Cooper does a NYTimes op-ed piece that perfectly describes my own experience (and frustration) when I have sent out invitations to a music afternoon at my Madison WI.  home. It is worth passing on here:
HERE’S an etiquette experiment for you: E-mail an invitation for a party, one month out, to 45 friends. Request an R.S.V.P. Provide a follow-up e-mail message, two weeks later, politely reminding them to get back to you....How many will?...My experiment arose from plans for an evening of food, drink and literature, with readings by myself and two other writers, at a restaurant. Not exactly a drop-in-if-you’re-around kind of thing, so I asked friends to R.S.V.P. My initial message brought in a dozen responses, and the follow-up a few more, but days before the event I had a paltry 23. Not 23 who planned to come, but 23 who had bothered to respond. Half my invitees had blown me off. Why? I wasn’t peddling life insurance, after all.

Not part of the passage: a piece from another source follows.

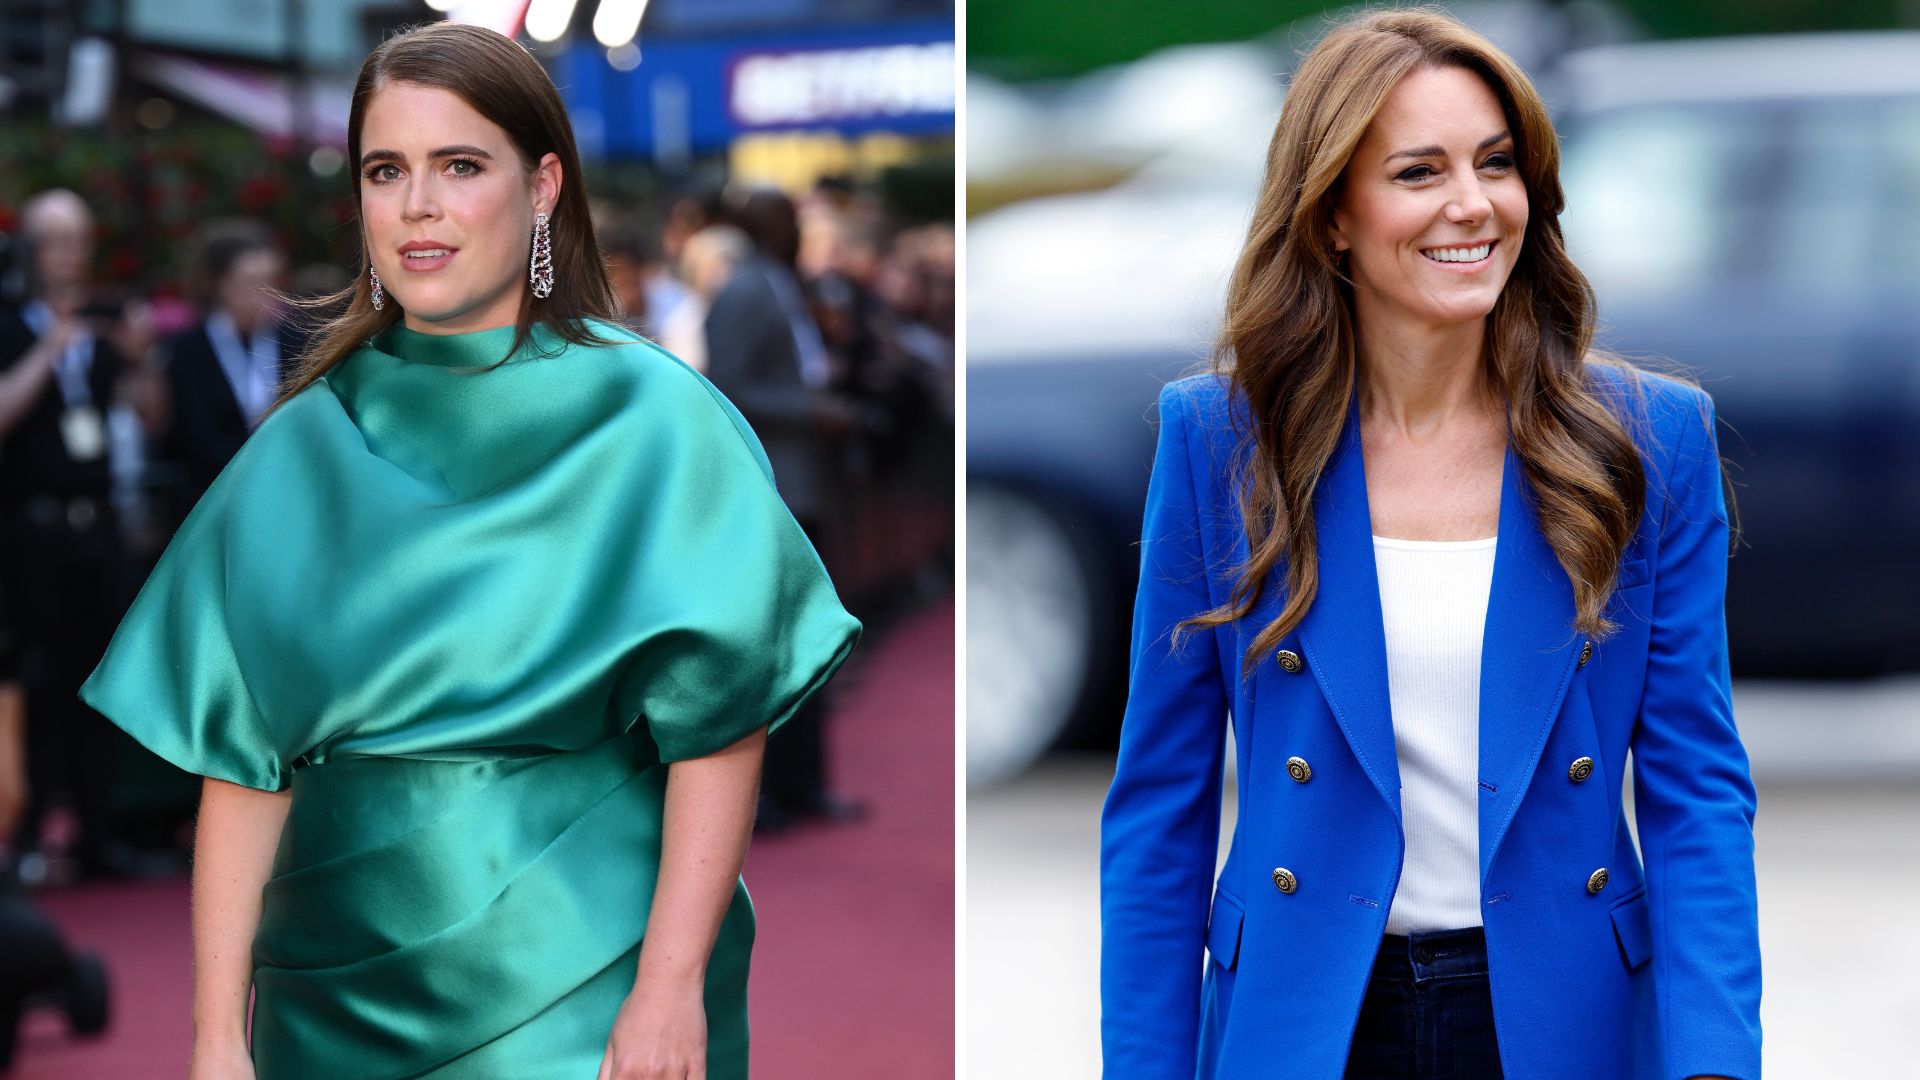 Trainer brand Princess Eugenie loves that Kate doesn't wear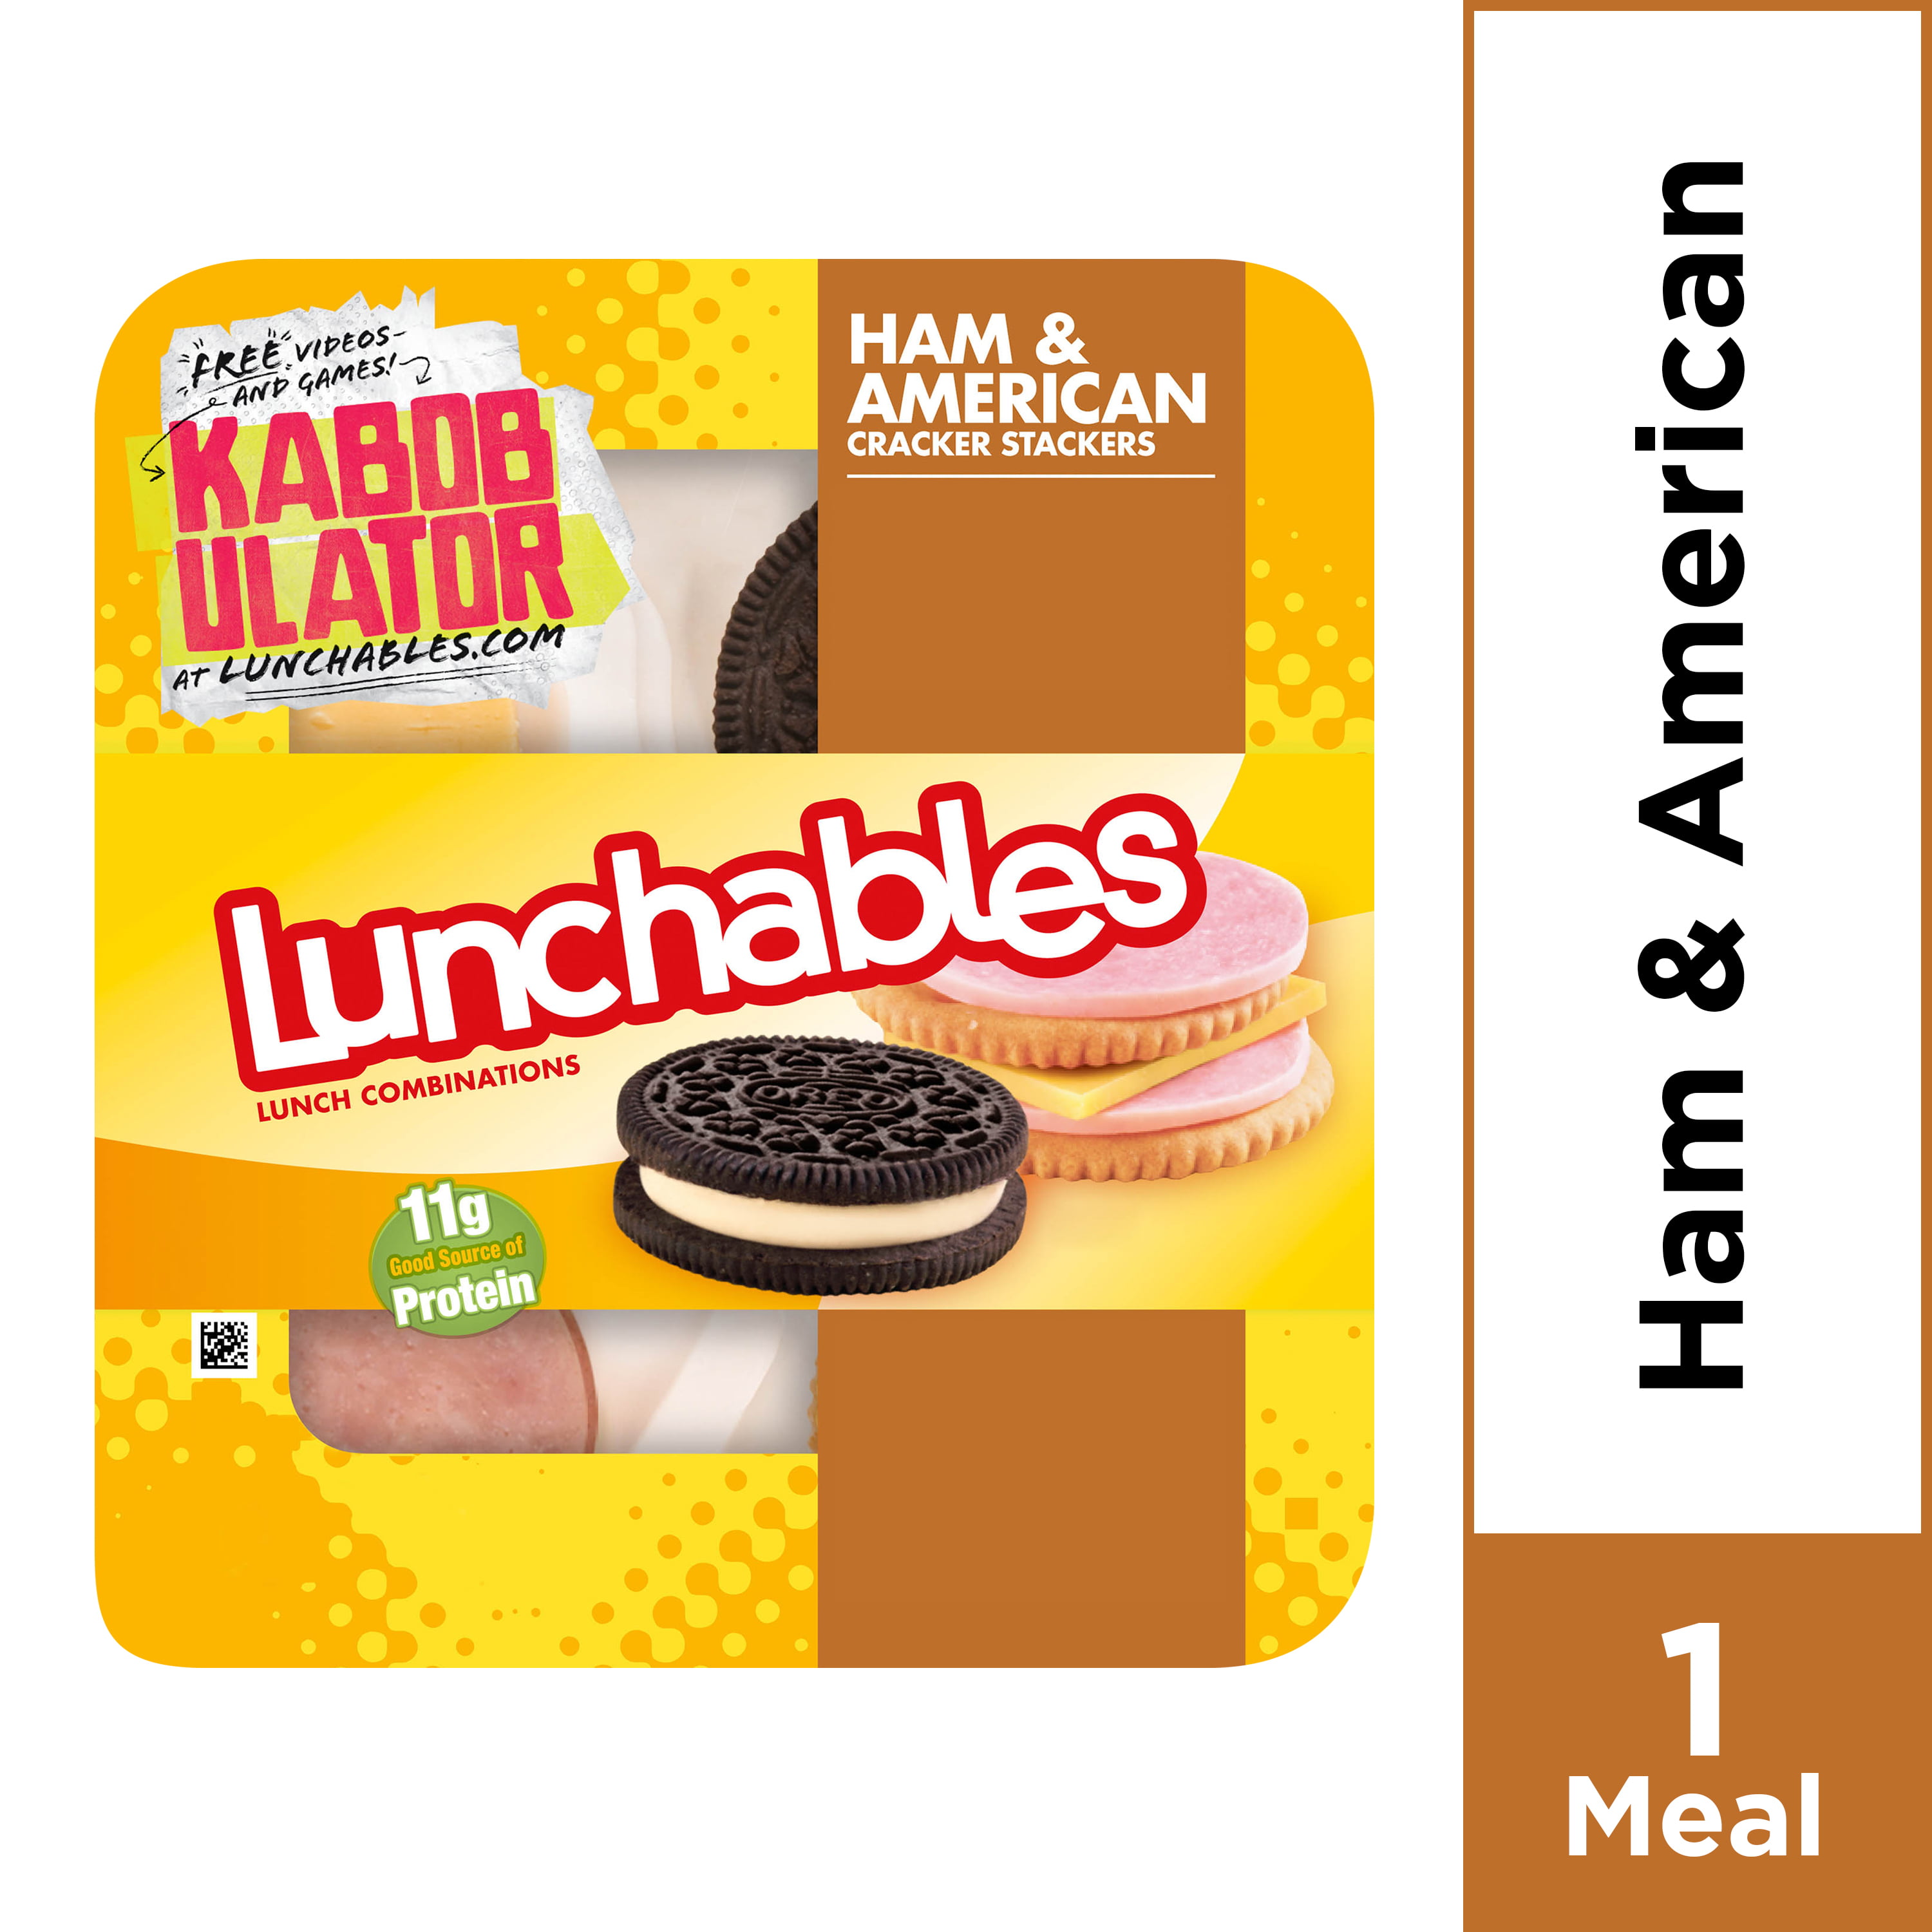 Lunchables Lunch Combinations Ham & American Cracker Stackers, 3.4 oz

Asking around, I discovered that the phenomenon is widespread. One friend of mine e-mailed invitations to a baby shower, and a third of the recipients failed to respond. Another announced a happy hour at her house and received a dozen yeses — only to find her party besieged by 35 people....What’s preventing us from executing this basic social task? Is it the medium? Do Evites somehow not feel like “real” invitations? Is it our busy lives, so overbooked and overwhelmed we’ve drawn up the castle gates? Don’t invite me out this month, I’m ensconced! Or is it simple rudeness? Try as I might to understand, I kept feeling dissed.

What’s clear is how hard the R.S.V.P. rubs against the grain of contemporary life. In requesting people to anchor a plan in the distant future of a month hence, you are demanding a kind of navigation that Americans increasingly do not practice. We prefer to remain flexy, solidifying our plans incrementally as the date approaches. Let’s talk tomorrow. I’ll call you when I’m on the road. Cellphones in hand, we microadjust our schedules as they unfold around us. We’re like the air traffic controllers of our own lives.

It wasn’t always so. A while ago I made a lunch date with an elderly couple. As the day approached with no subsequent corroboration, I felt a strange excitement. Would all three of us just show up? We did, and I realized that what I felt was a small nostalgic thrill over social arrangements that seemed straight out of Jane Austen.

But back to my party. The day before the big event, I sent a final e-mail message, thanking “the half of you who responded for helping keep the dying art of the R.S.V.P. alive.” This irked missive flushed out a final 10 hangdog respondents. But there remained a gang of 12 — the dirty dozen, the truly hardcore, fanatical nonresponders — who couldn’t even be shamed into R.S.V.P.ing...In the end, perhaps they were merely following the French literally: Respond, if you please. Left over from a time when graciousness couched demands as requests, the R.S.V.P. no longer functions. I therefore propose an update, something still French but a bit more ... frank — the R.V.O.M.:  Répondez Vite — ou Mourir!     (Respond Quickly, or Die!)